I fenomeni di svalutazione della moneta incidono sul reale potere di acquisto della retribuzione, poiché, secondo i principi generali, il datore di lavoro estingue il proprio debito retributivo con moneta avente corso legale nello Stato e secondo il suo valore nominale. Nell’immediato secondo dopoguerra, per difendere il potere di acquisto dei lavoratori, fu introdotta l’indennità di contingenza, o “scala mobile”, che assicurava un meccanismo automatico di adeguamento delle retribuzioni all’aumento del costo della vita.

A partire dalla seconda metà degli anni settanta, iniziò ad avvertirsi che l’applicazione di tale meccanismo era esso stesso causa dell’aggravamento delle dinamiche inflattive, così da ingenerare un circuito vizioso certamente non utile per i lavoratori, ma dannoso per l’occupazione e il Paese. Inizialmente, si tentò di intervenire modificando la disciplina sindacale dell’indennità di contingenza, mitigandone gli effetti. Successivamente, dal 1 gennaio 1992, l’indennità di contingenza è stata del tutto soppressa.

Quindi, con il Protocollo sottoscritto tra Governo e sindacati nel 1993, la difesa del potere di acquisto della retribuzione è stata affidata ad un sistema diverso e più articolato. In base a tale sistema: a) lo Stato assumeva l’impegno a realizzare una politica volta a mantenere l’inflazione entro tassi programmati; b) la parte economica dei contratti collettivi nazionali di lavoro doveva formare oggetto di accordi di rinnovo stipulati ogni due anni (e non tre, come in precedenza); c) nel caso di ritardo nella conclusione dell’accordo di rinnovo, il lavoratore aveva diritto ad una indennità, definita di “vacanza contrattuale”. Tuttavia, anche tale Protocollo è stato gradualmente superato.

L’accordo quadro separato del 22 gennaio 2009 ed il successivo Accordo interconfederale di attuazione hanno aumentato a 3 anni la durata della parte economica del contratto collettivo, e, allo stesso tempo, non hanno più previsto una specifica disciplina per i periodi di vacanza contrattuale. Inoltre, il tasso di inflazione programmato dal Governo è stato sostituito con un nuovo indice previsionale, cosiddetto IPCA, basato sull’indice dei prezzi al consumo armonizzato in ambito europeo, “depurato dalla dinamica dei prezzi dei beni energetici importati”.

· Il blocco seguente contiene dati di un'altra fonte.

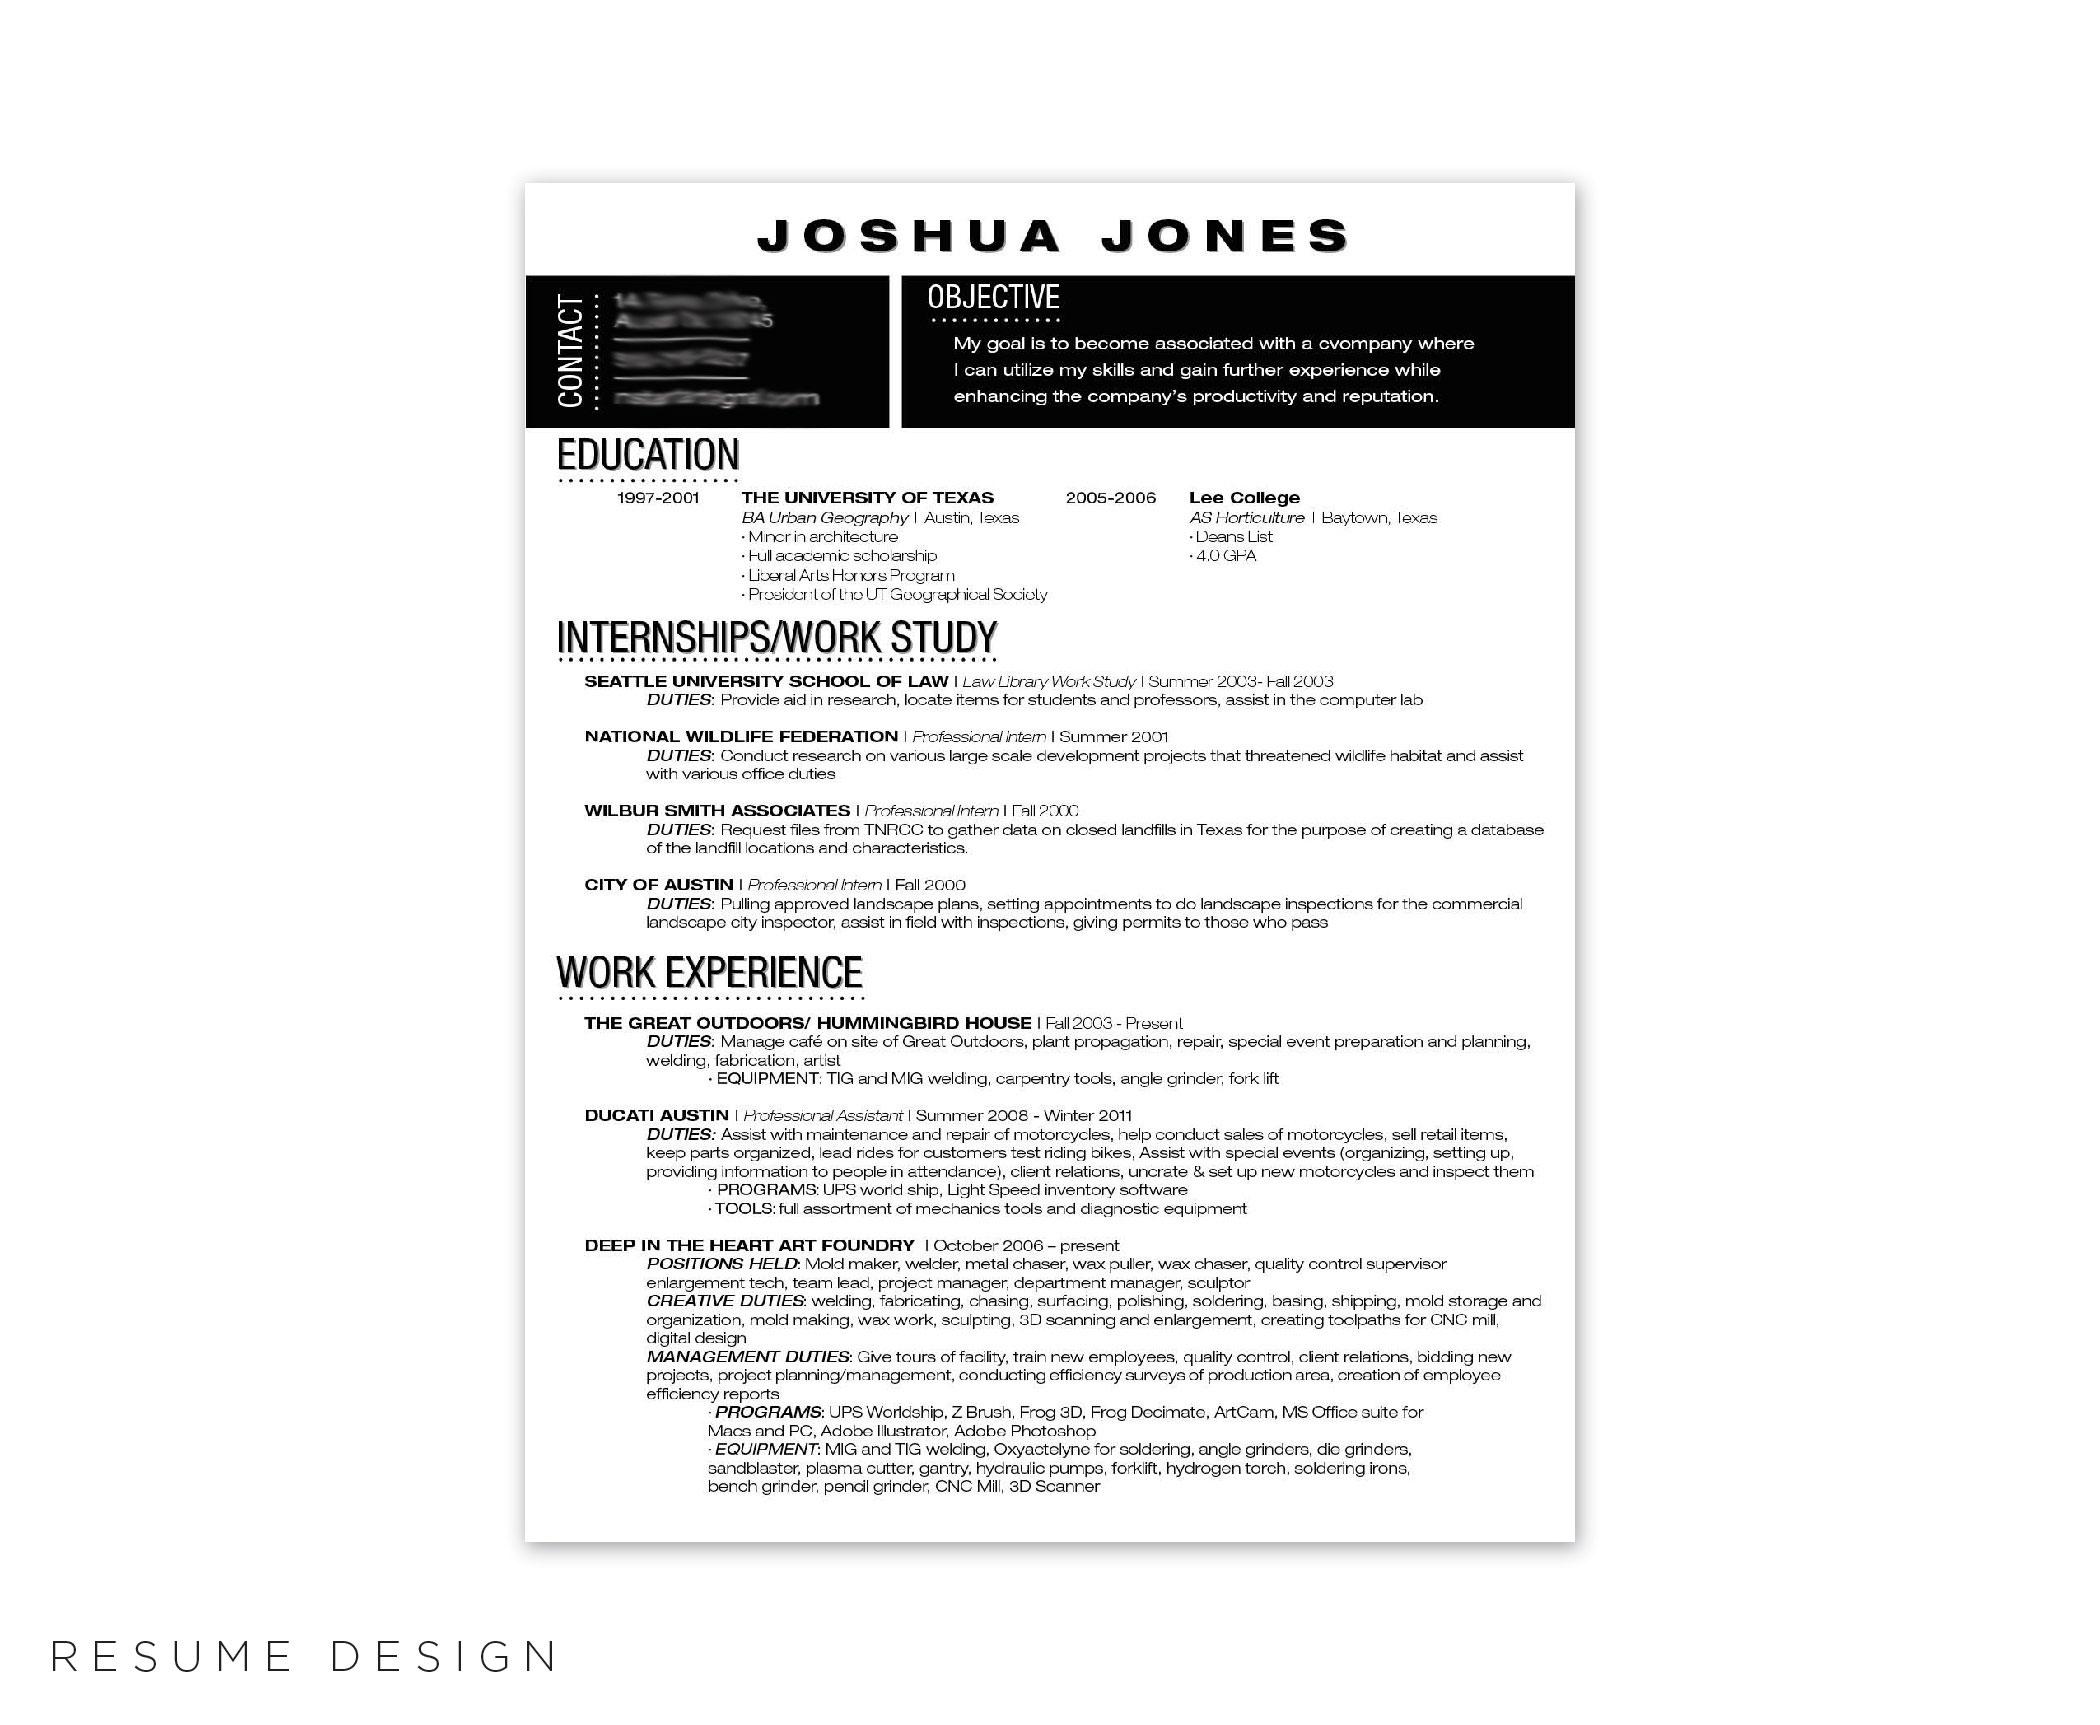 josh_resume-01.jpg

Senonché, mentre i tassi programmati dal Governo sono sempre risultati inferiori rispetto all’inflazione reale registrata ex post, il nuovo indice previsionale previsto dagli accordi del 2009 è risultato superiore all’inflazione reale, determinando così la previsione di aumenti retributivi, nell’ambito dei rinnovi contrattuali, di importo superiore agli effetti dell’inflazione e non giustificati da incrementi di produttività. Torna, quindi, in discussione sia una possibile revisione delle tecniche di adeguamento della retribuzione al costo della vita, sia, più in generale, il ruolo della contrattazione nazionale e di quella aziendale in materia retributiva.